Source material:

- Opening Delimiter -

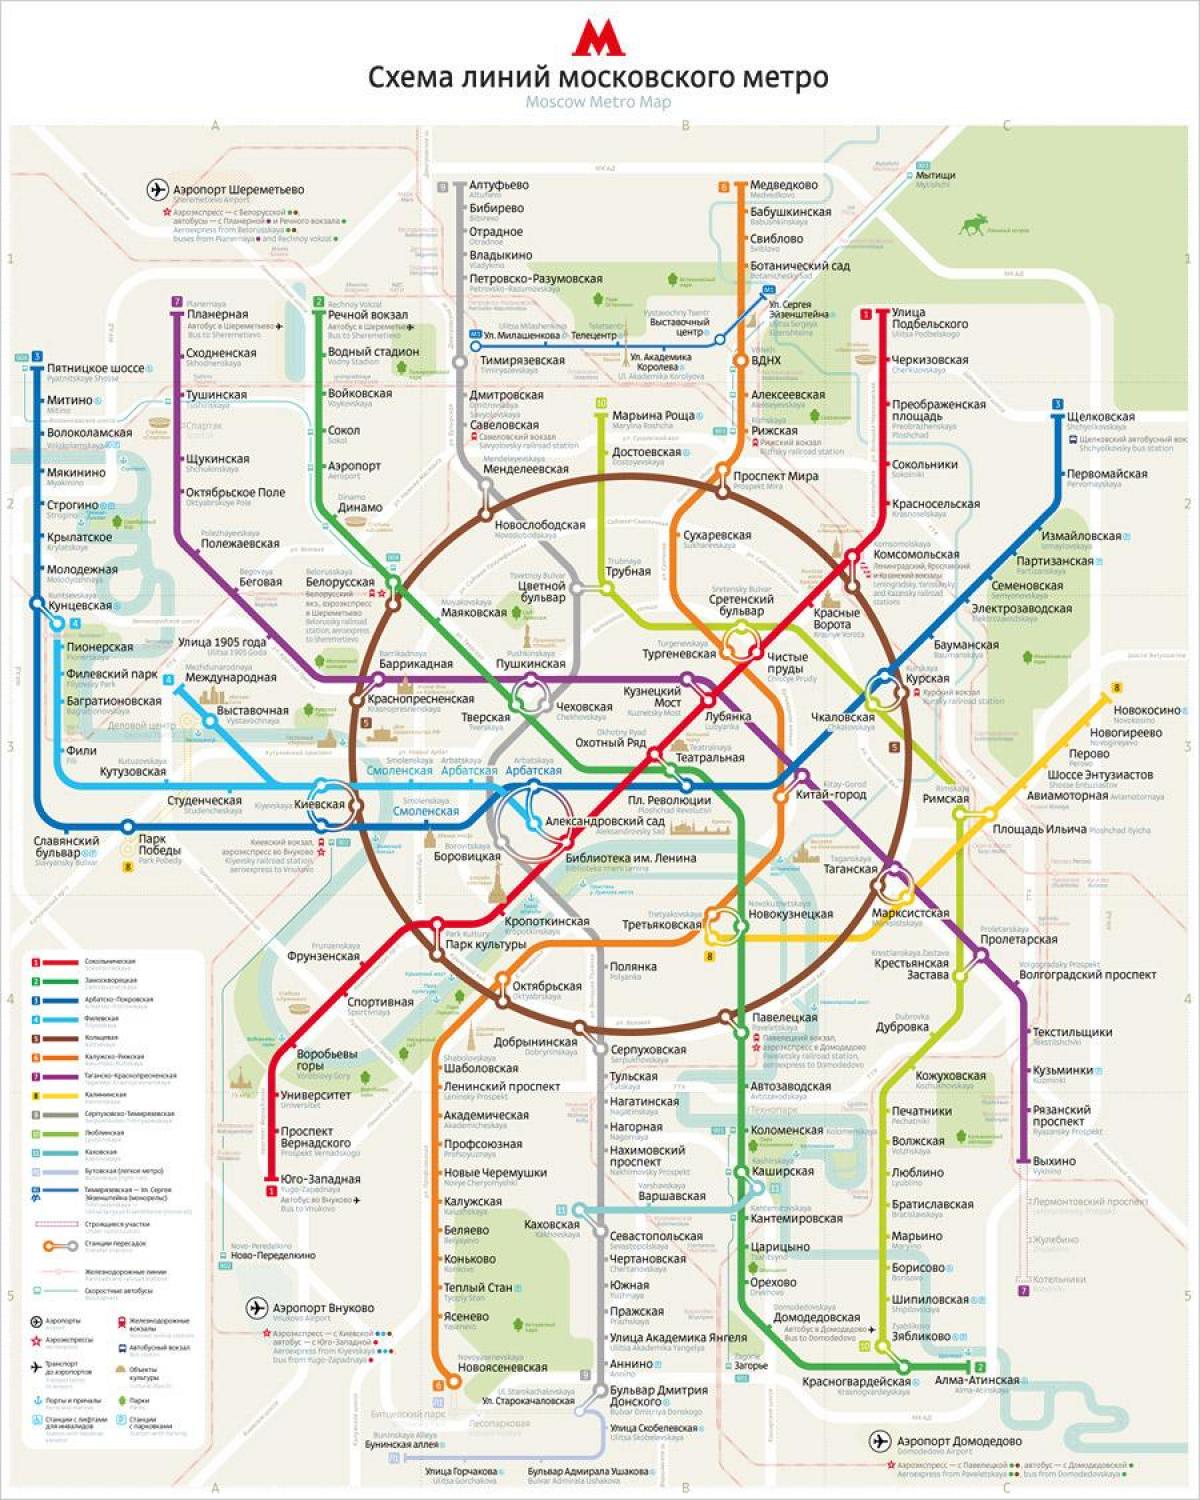 peta Moscow metro inggris dan rusia
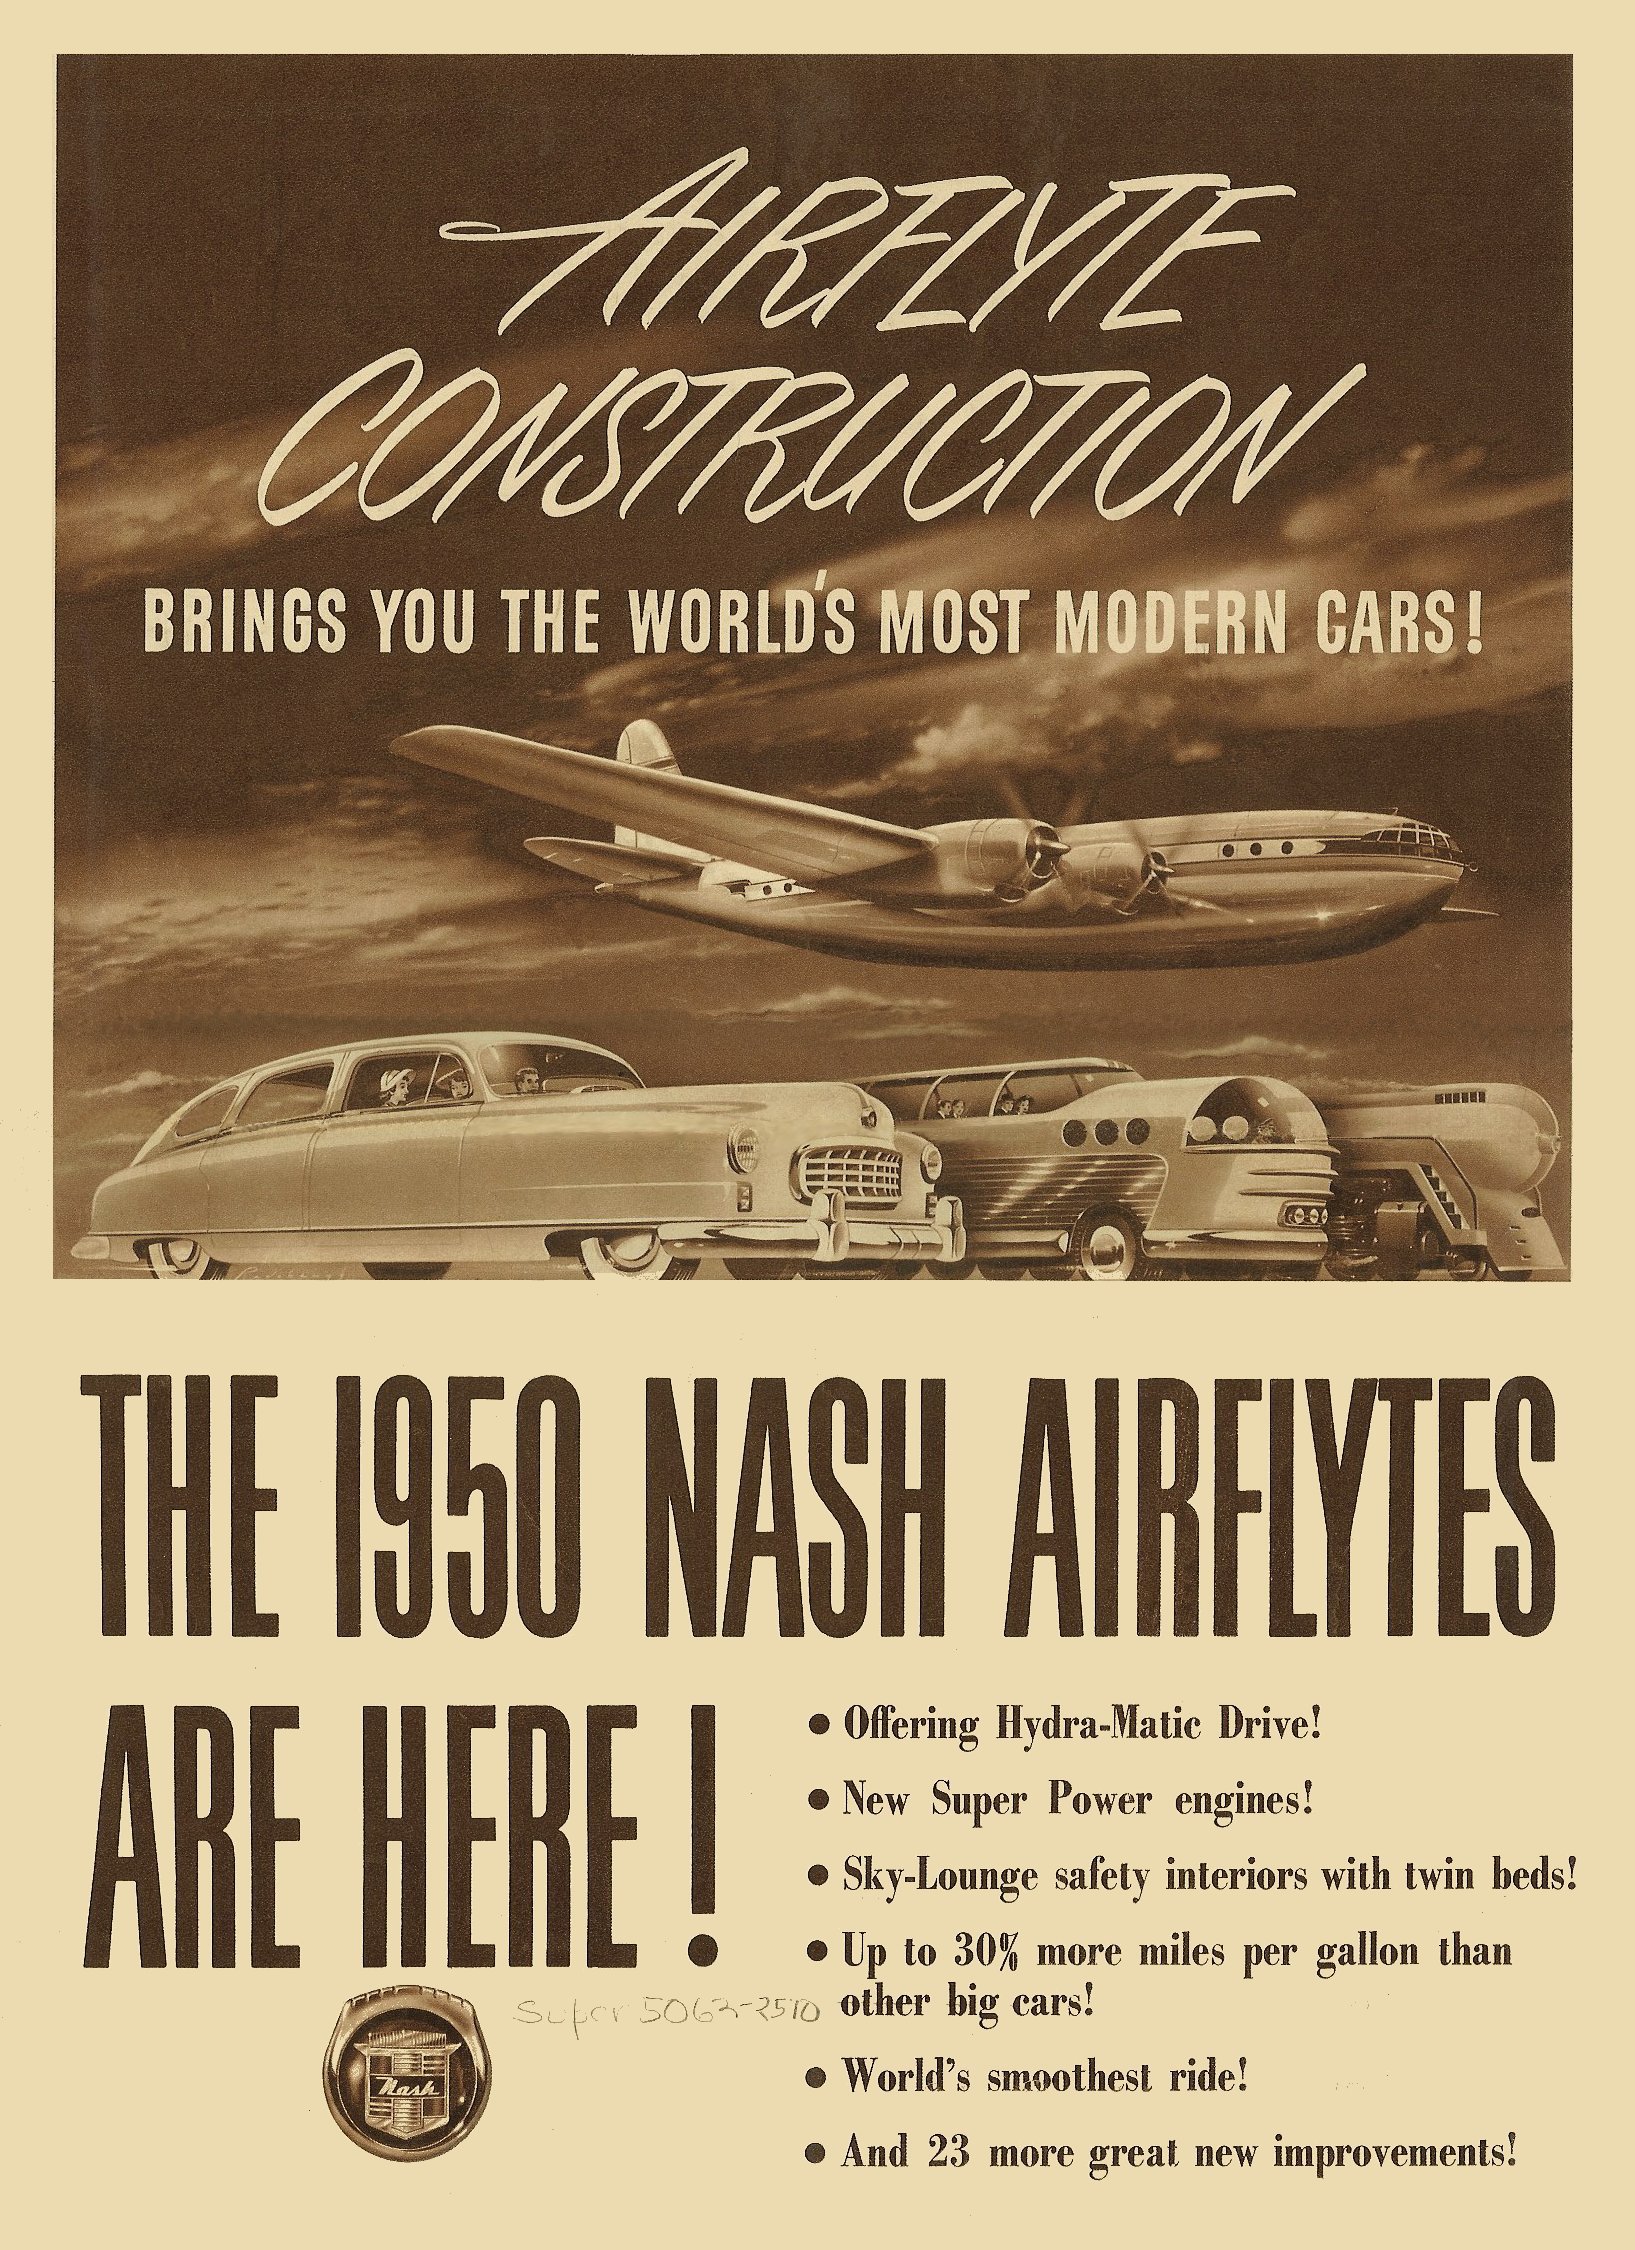 1950 Nash Airflyte #5
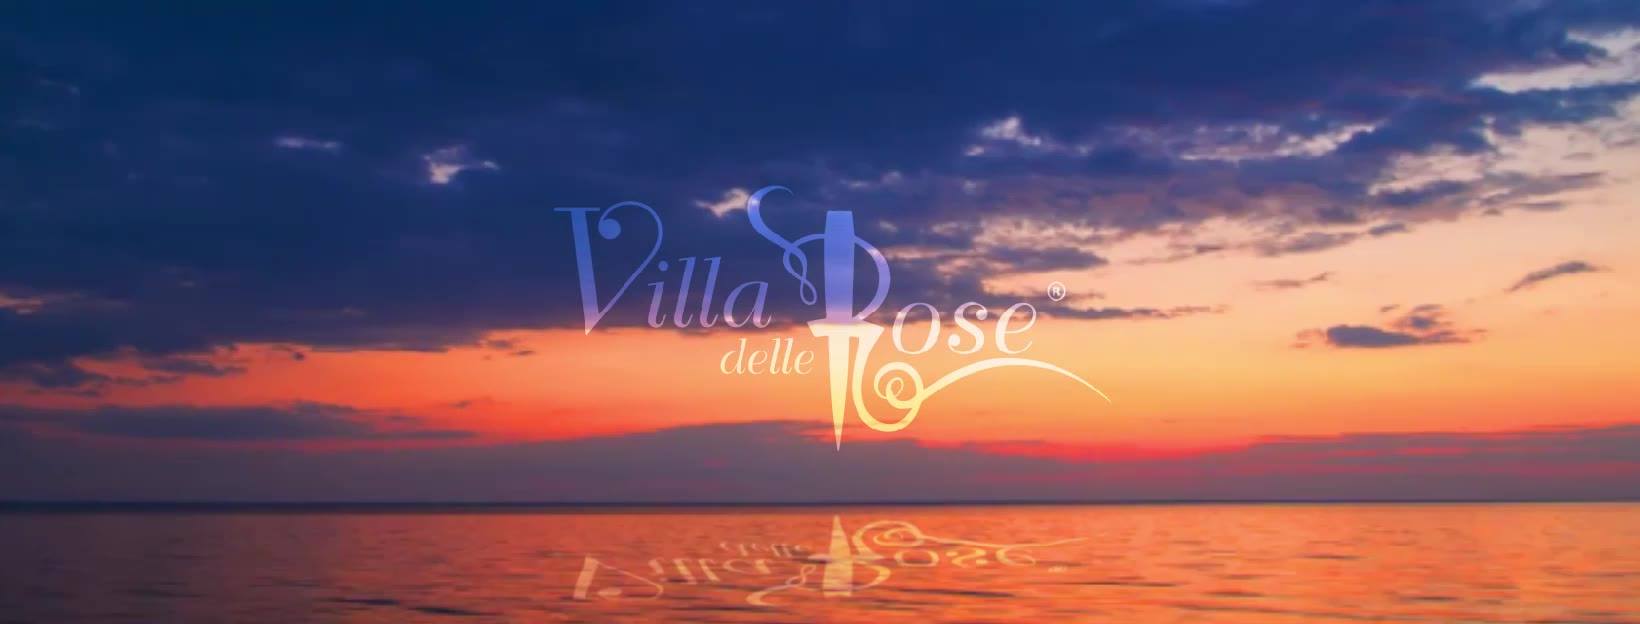 Inaugurazione estate 2019 discoteca Villa delle Rose Misano Adriatico

- Closing Delimiter -

Action item: Omitting all images, print the listing exactly.

Answer to this exercise:
 peta Moscow metro inggris dan rusia
 1950 Nash Airflyte #5
 Inaugurazione estate 2019 discoteca Villa delle Rose Misano Adriatico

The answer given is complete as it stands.